Stored items
------------------------------------

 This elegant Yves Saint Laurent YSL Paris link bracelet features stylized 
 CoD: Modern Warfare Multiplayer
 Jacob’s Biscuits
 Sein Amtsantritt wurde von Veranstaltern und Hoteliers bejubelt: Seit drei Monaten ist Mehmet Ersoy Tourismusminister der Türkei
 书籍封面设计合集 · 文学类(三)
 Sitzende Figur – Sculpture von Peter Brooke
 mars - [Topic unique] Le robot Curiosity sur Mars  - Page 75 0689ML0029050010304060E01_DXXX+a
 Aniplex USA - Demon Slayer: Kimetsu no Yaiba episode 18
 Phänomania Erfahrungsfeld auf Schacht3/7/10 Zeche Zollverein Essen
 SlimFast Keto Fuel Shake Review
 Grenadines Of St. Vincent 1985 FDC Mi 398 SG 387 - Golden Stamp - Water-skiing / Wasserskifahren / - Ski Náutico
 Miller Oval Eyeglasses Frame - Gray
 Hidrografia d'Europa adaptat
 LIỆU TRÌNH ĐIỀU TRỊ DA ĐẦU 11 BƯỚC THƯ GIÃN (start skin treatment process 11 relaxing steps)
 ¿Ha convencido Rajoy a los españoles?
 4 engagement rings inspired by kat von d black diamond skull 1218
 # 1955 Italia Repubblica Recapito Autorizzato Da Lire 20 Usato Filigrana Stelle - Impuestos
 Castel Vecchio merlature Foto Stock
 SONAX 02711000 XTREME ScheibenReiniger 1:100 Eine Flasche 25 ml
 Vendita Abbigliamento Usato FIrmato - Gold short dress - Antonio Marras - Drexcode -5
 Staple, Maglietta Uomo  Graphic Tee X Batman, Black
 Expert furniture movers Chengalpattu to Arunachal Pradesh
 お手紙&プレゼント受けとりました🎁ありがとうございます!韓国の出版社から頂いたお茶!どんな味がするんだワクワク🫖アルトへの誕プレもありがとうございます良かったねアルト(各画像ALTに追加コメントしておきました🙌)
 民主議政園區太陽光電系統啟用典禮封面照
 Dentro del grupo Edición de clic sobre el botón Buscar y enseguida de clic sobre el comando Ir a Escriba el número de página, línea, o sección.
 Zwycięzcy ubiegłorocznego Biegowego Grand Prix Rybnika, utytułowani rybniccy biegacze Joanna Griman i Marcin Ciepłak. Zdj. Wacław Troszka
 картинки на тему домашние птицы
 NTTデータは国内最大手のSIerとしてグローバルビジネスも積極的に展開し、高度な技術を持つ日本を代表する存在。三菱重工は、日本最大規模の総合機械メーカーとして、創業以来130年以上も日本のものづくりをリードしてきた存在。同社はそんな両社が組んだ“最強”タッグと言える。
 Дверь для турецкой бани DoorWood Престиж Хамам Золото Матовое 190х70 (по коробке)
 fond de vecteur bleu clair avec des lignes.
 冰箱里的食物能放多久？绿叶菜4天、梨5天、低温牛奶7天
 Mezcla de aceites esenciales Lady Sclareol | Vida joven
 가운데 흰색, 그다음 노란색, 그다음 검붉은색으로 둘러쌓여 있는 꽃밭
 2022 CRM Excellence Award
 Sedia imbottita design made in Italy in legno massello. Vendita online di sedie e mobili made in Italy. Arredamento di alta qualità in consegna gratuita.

------------------------------------

**What is required:**
From the data above, copy every line where "Usato" appears.

**Finished task:**
 # 1955 Italia Repubblica Recapito Autorizzato Da Lire 20 Usato Filigrana Stelle - Impuestos
 Vendita Abbigliamento Usato FIrmato - Gold short dress - Antonio Marras - Drexcode -5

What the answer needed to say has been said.